YOUR OBJECTIVE:
Give again, exactly as written, the lines of the records below from the line with "Nike Sportswear Futura" to the line with "Zdjęcia - Żarówka". Both end lines count; pictures do not.

PROVIDED RECORDS:
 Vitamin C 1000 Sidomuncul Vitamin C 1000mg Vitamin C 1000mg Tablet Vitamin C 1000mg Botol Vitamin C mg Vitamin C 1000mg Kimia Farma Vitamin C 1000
---
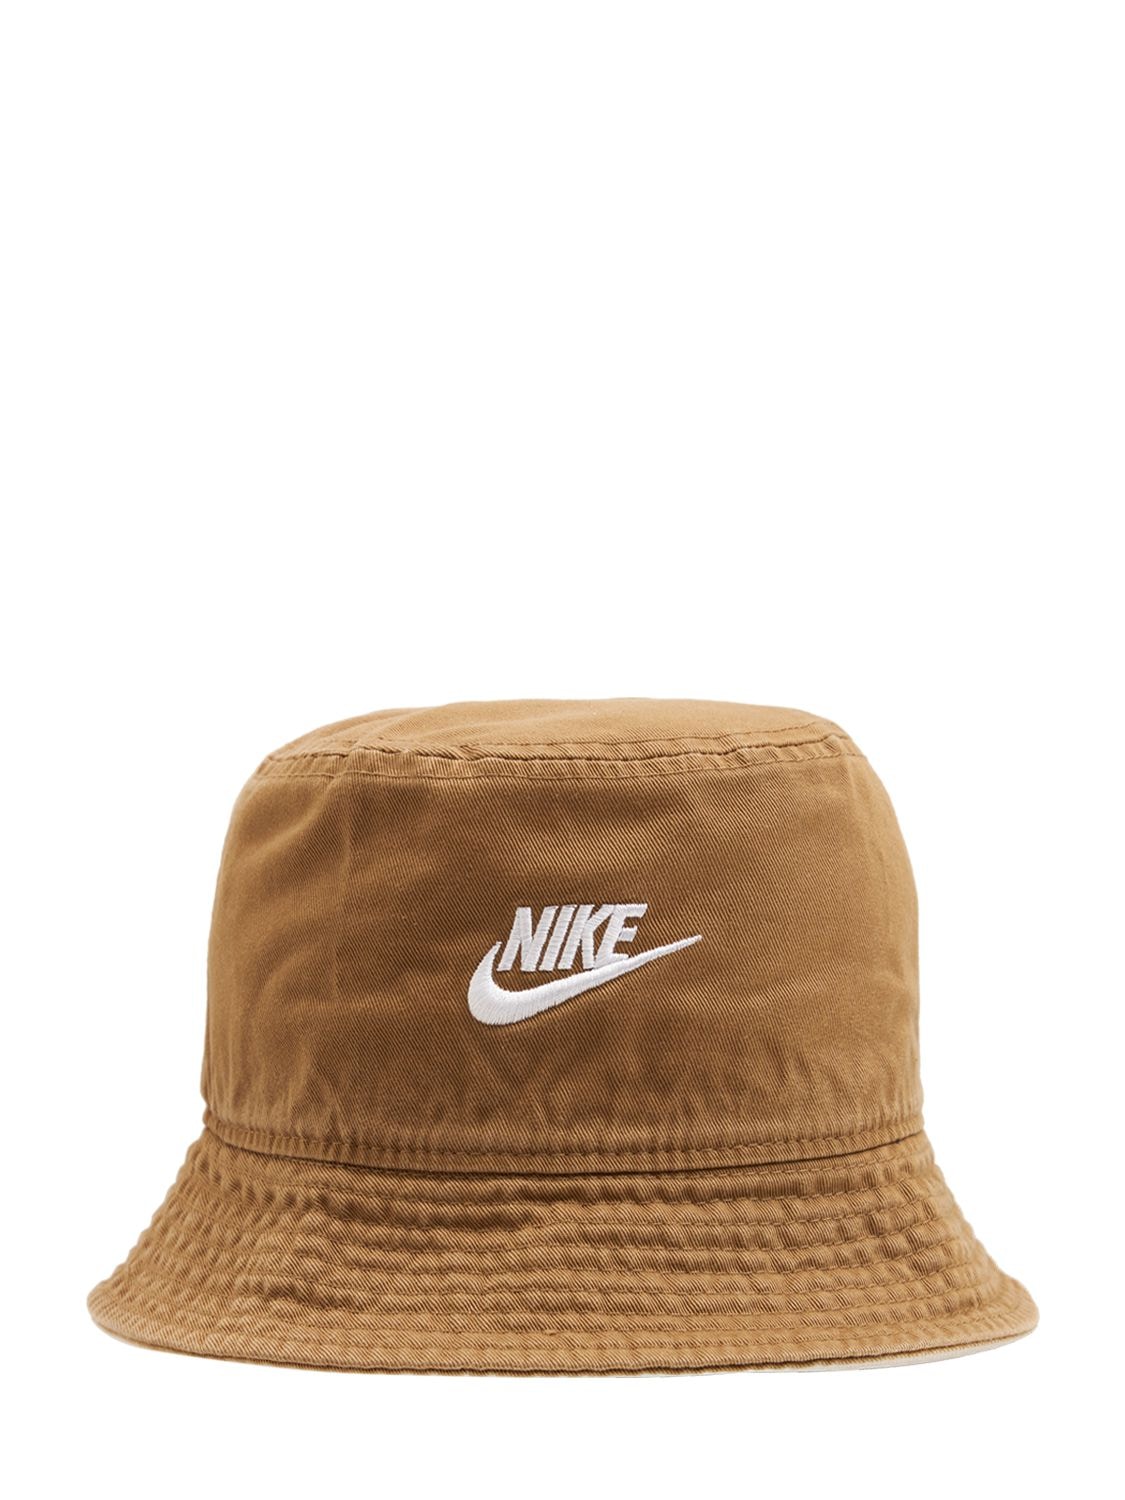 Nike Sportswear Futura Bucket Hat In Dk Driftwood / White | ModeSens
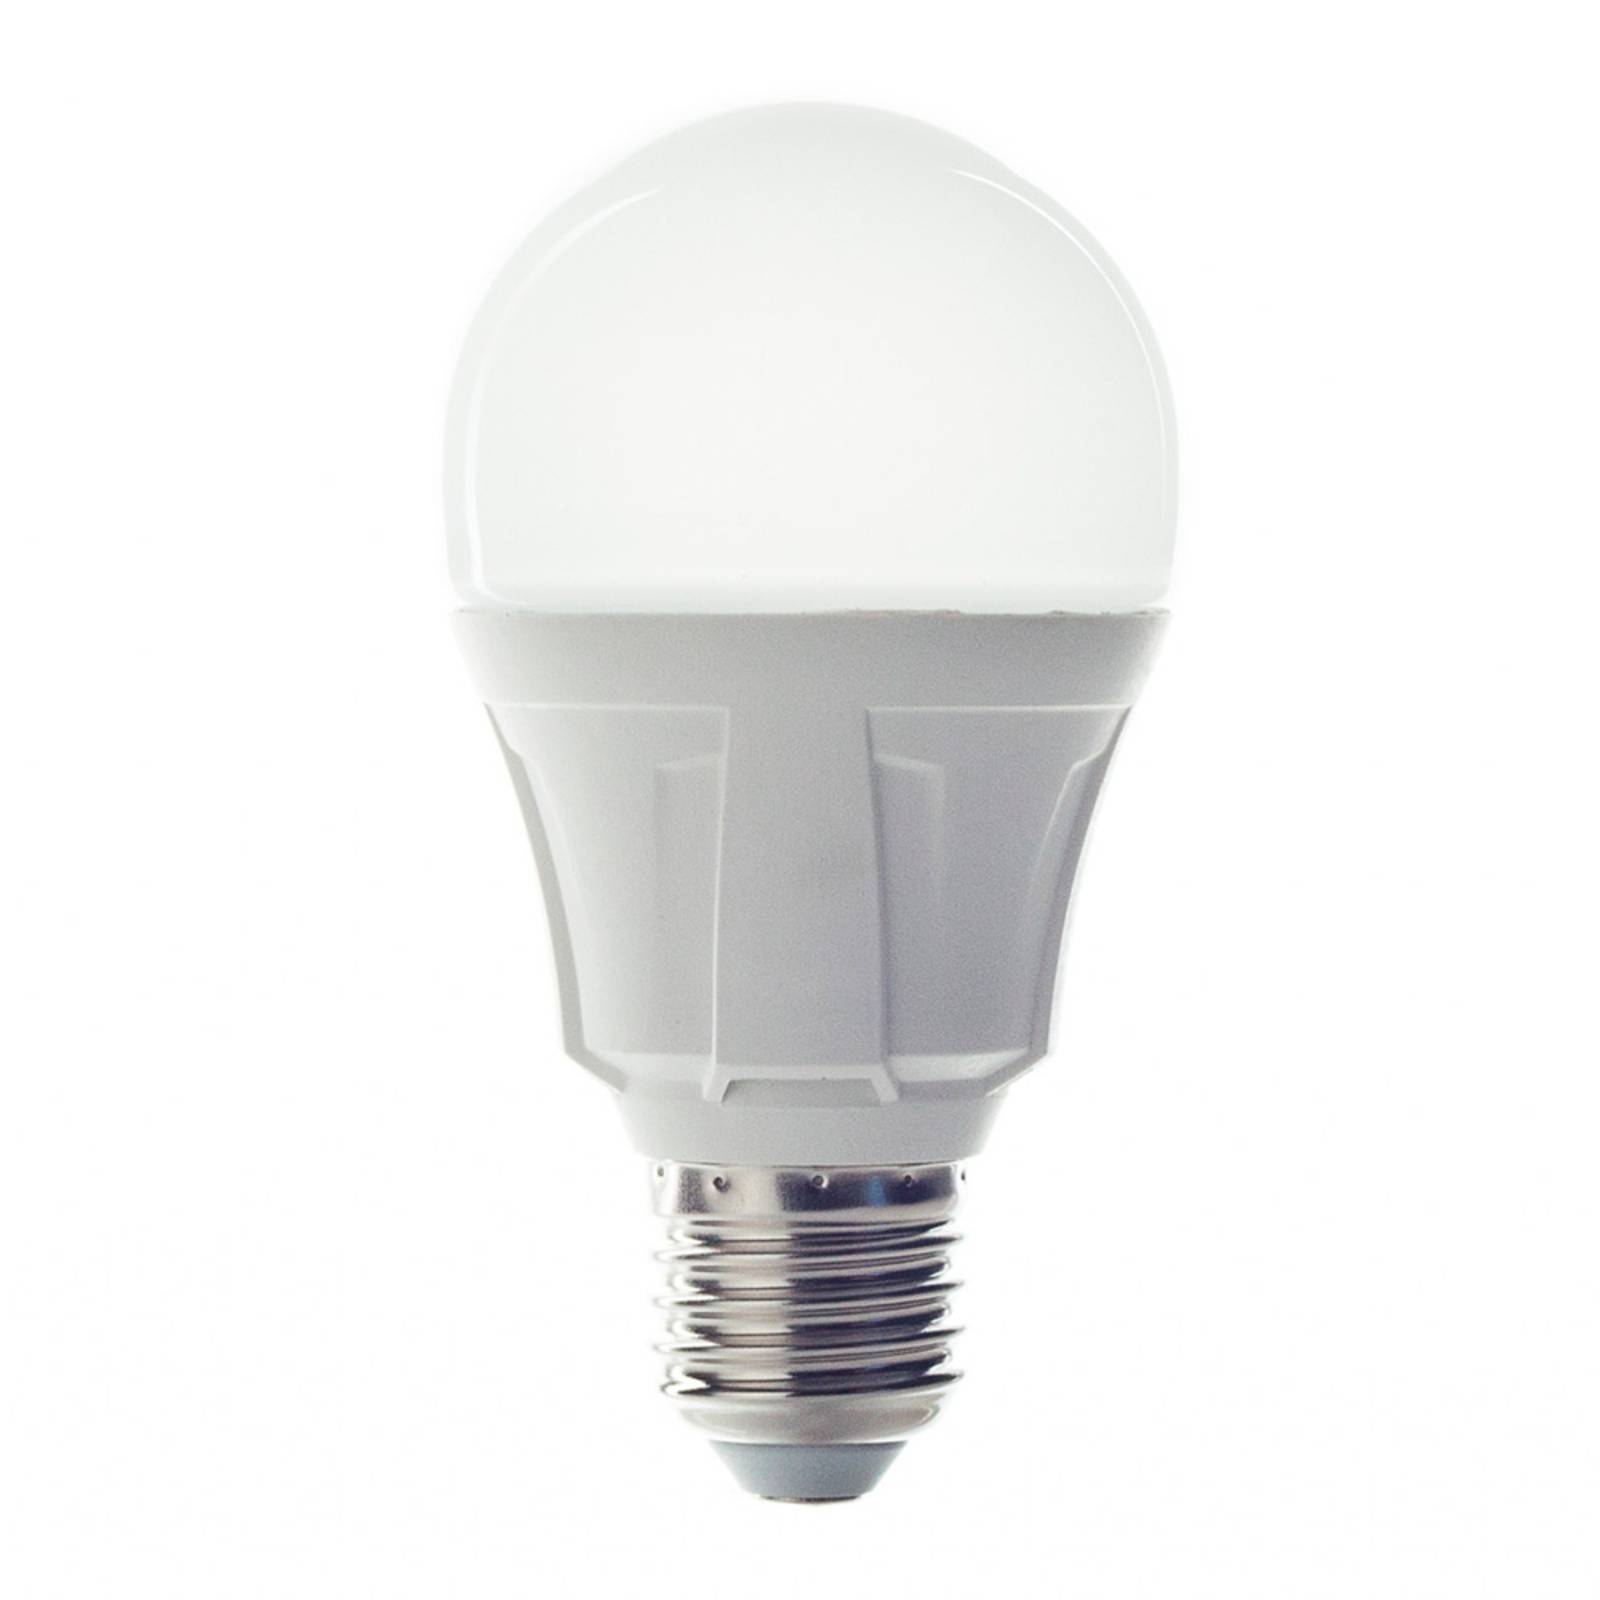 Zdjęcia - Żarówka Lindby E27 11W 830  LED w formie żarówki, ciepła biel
==
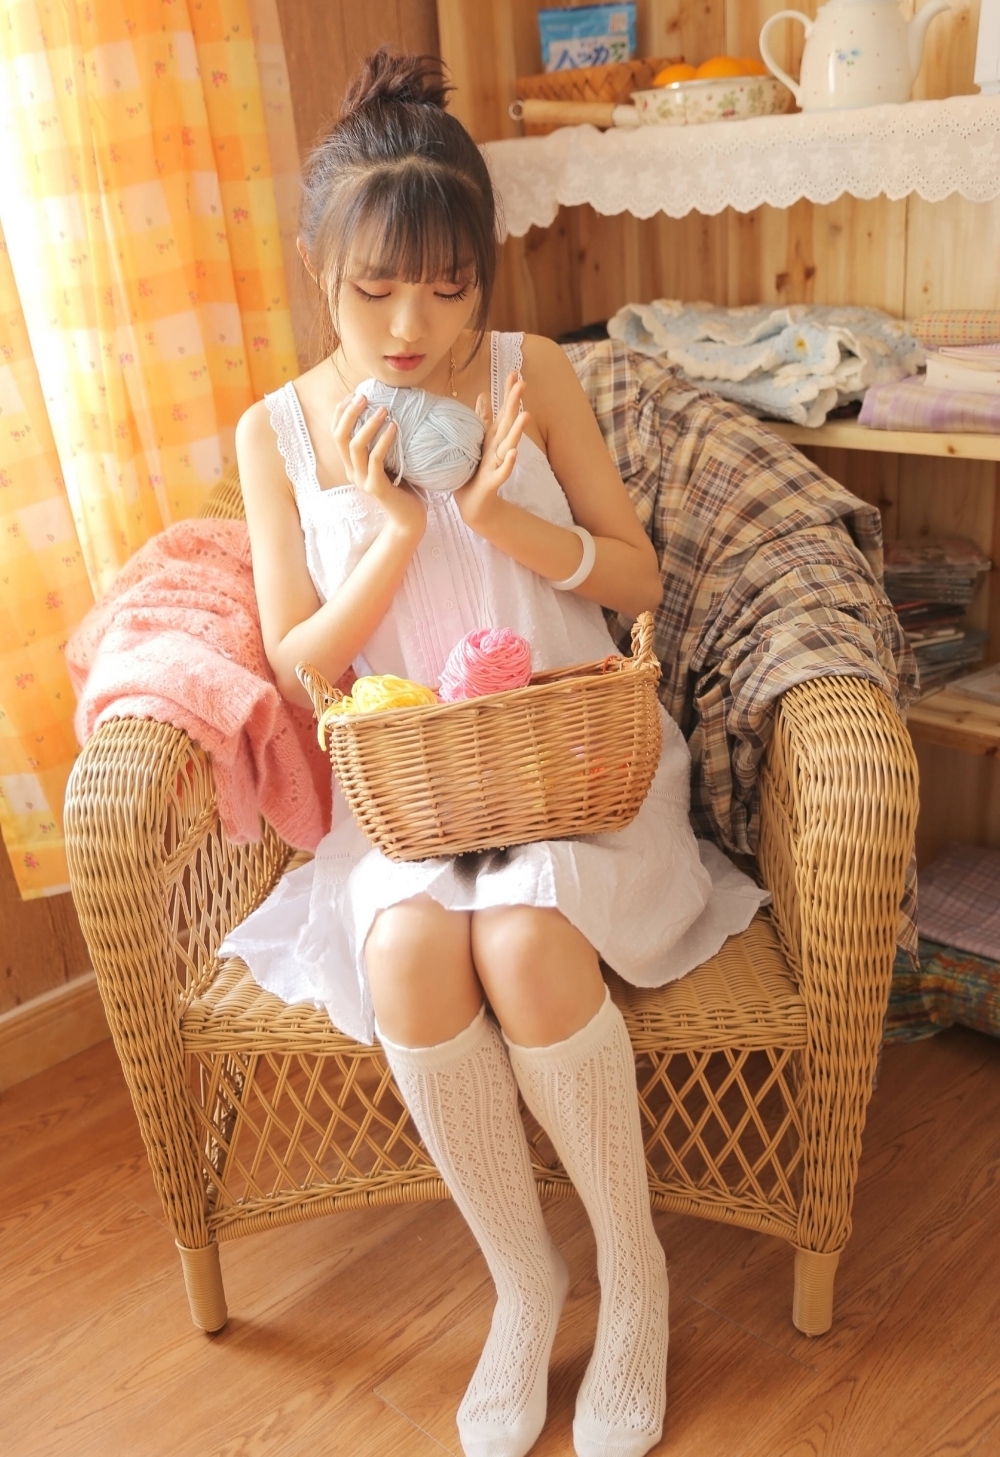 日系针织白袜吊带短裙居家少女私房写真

ANSWER BOX:
 Nike Sportswear Futura Bucket Hat In Dk Driftwood / White | ModeSens
 Zdjęcia - Żarówka Lindby E27 11W 830  LED w formie żarówki, ciepła biel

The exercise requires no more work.